In addition to Weibo, there is also WeChat
Please pay attention
WeChat public account
Shulou
2025-01-19 Update From: SLTechnology News&Howtos shulou NAV: SLTechnology News&Howtos > Database >
Share
Shulou(Shulou.com)05/31 Report--
This article shows you how to achieve high-performance indexing in MySQL, the content is concise and easy to understand, it will definitely brighten your eyes. I hope you can get something through the detailed introduction of this article.
What is an index or key is a data structure that the storage engine uses to find records quickly.
Index is the most effective means to improve the performance of MySQL queries. We often say that MySQL performance tuning is basically the optimization of indexes. So this is the knowledge point that every developer needs to master and will apply.
An index is a data structure, which is also a file stored on disk. In the last article, when we learned about the logical architecture of MySQL, we learned about the InnoDB and MyISM storage engines. The InnoDB storage engine indexes and data are the same file, and the MyISAM indexes and data are two separate files.
In MySQL, indexes are implemented at the storage engine layer rather than the Server layer, so indexes work differently for different storage engines. Our analysis of the index should be based on the storage engine, and InnoDB is the default storage engine for MySQL.
Advantages of the index:
The index greatly reduces the amount of data that the server needs to scan.
Indexes can help the server avoid sorting and temporary tables.
The index can be changed from random Imax O to sequential Imax O.
Disadvantages of the index:
An index is a data structure that takes up extra disk space.

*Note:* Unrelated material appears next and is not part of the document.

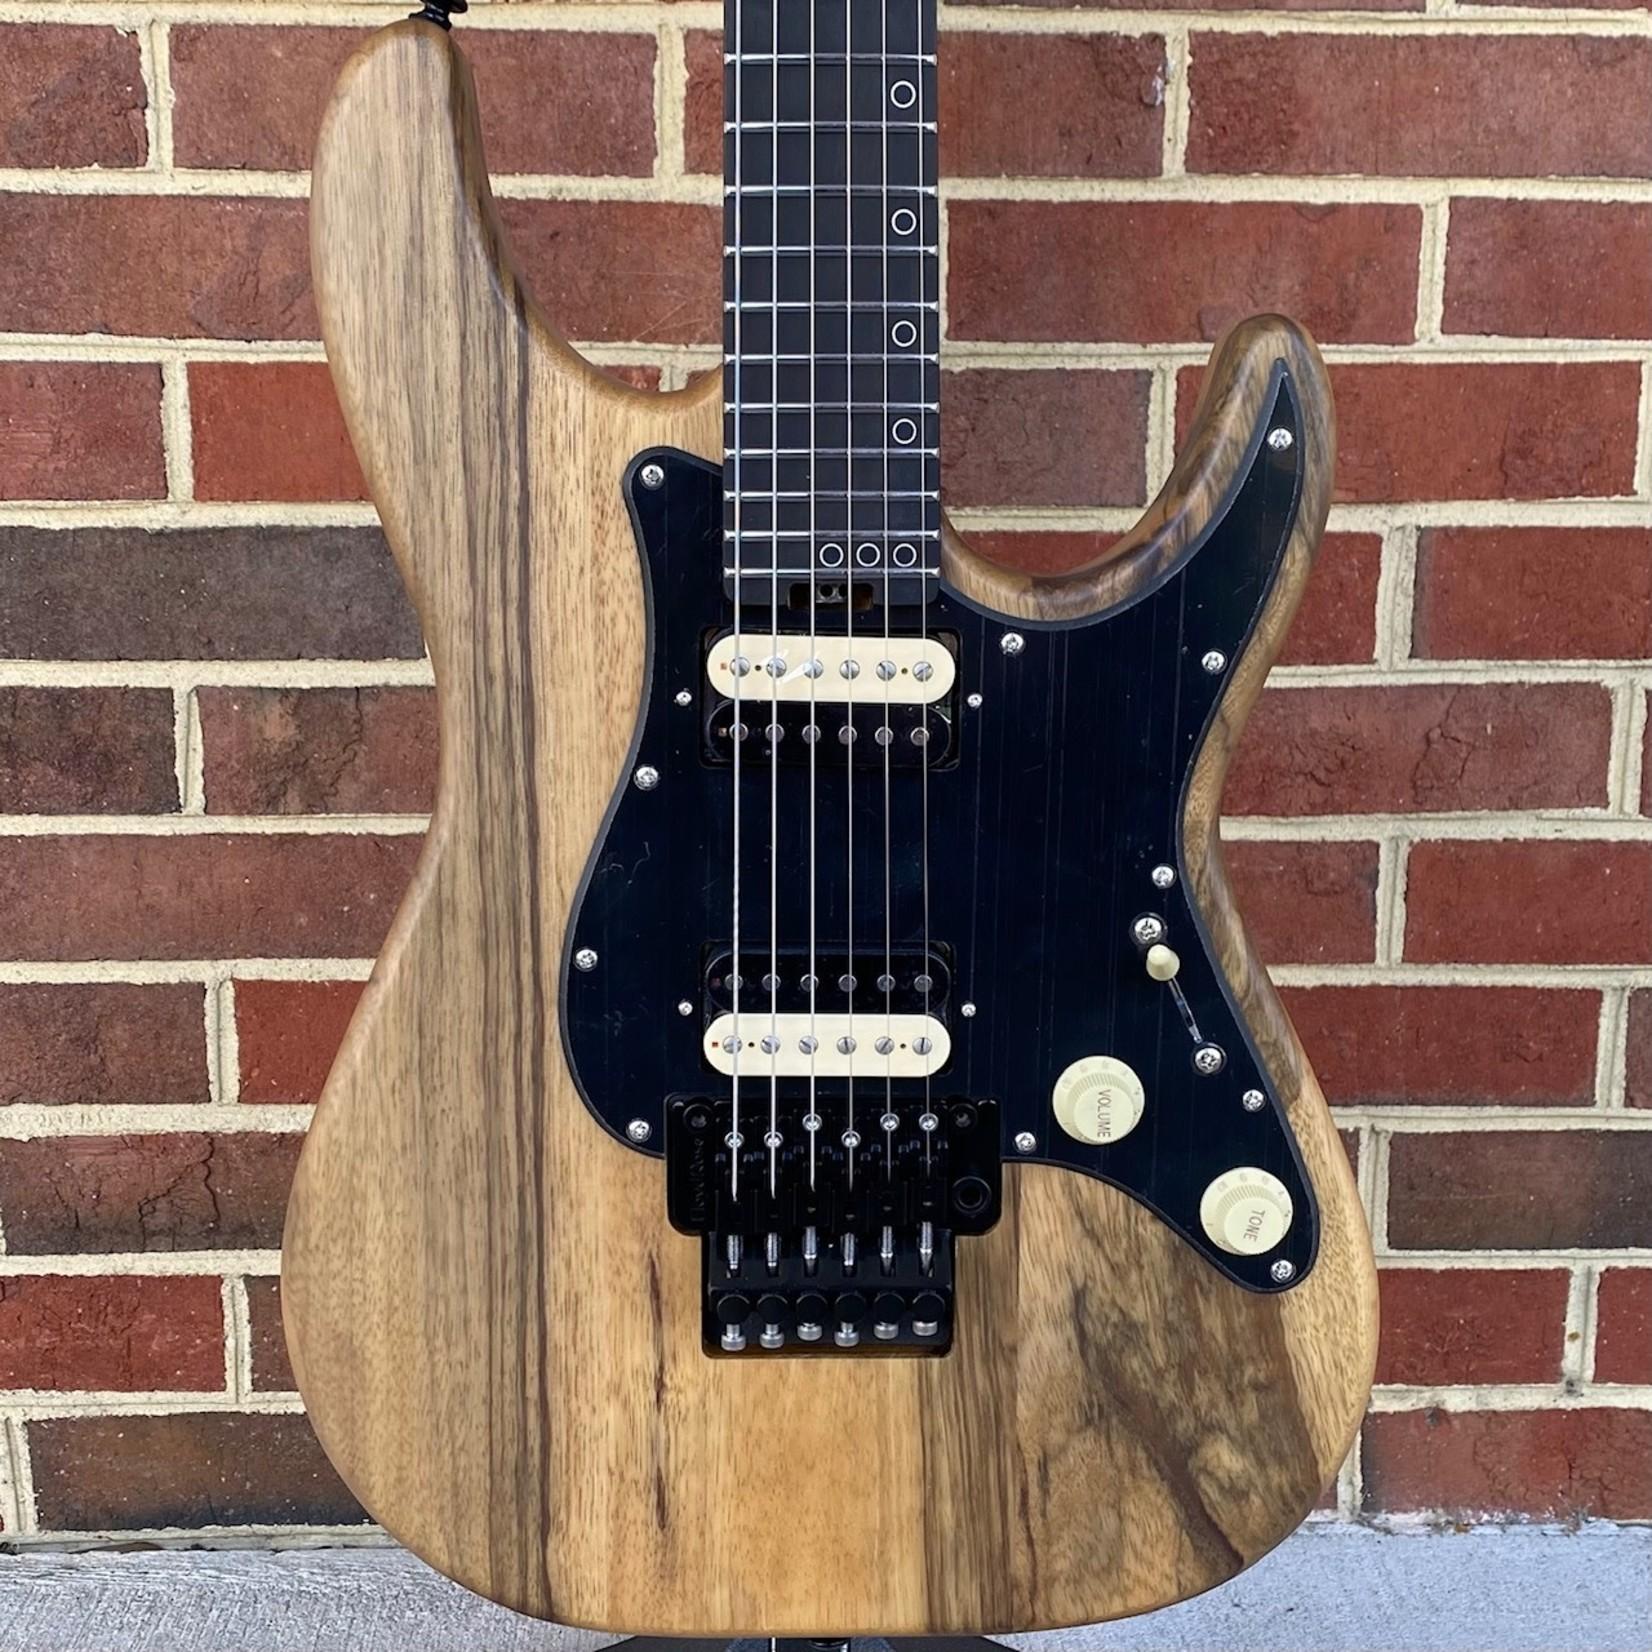 Schecter Guitar Research Schecter Sun Valley Super Shredder Exotic, Black Limba Body, Wenge Neck, Ebony Fretboard, Floyd Rose

When the amount of data in the table is large, the cost of maintaining the index is high.
Index data model
The data structures and algorithms of each storage engine are different, so let's take a look at the index types supported by MySQL itself.
B-Tree index
Generally speaking, the index structure refers to the B-Tree index, which is supported by most MySQL storage engines, but different storage engines use B-Tree indexes in different ways, and their performance varies. InnoDB uses B+Tree, which is stored in the original data format, referencing the indexed rows according to the primary key.
All B-Tree values are stored sequentially, and each leaf is the same distance from the root. The following is an abstract diagram of B-Tree:
B-Tree can speed up access to data.
The storage engine does not need a full table scan to get the required data, it starts the search from the root node of the index. The pointers to the child nodes are stored in the slot of the root node, and the search engine looks to the lower level according to these pointers. By comparing the value of the node page with the value you are looking for, you can find the appropriate pointer to enter the lower node. In the end, the engine either finds the corresponding value or the record does not exist.
If the B-Tree index has multiple columns, the index values are sorted according to the index order defined when the table is created, so the order of the index is more important.
B-Tree is an N-ary tree, and the size of N depends on the size of the data block.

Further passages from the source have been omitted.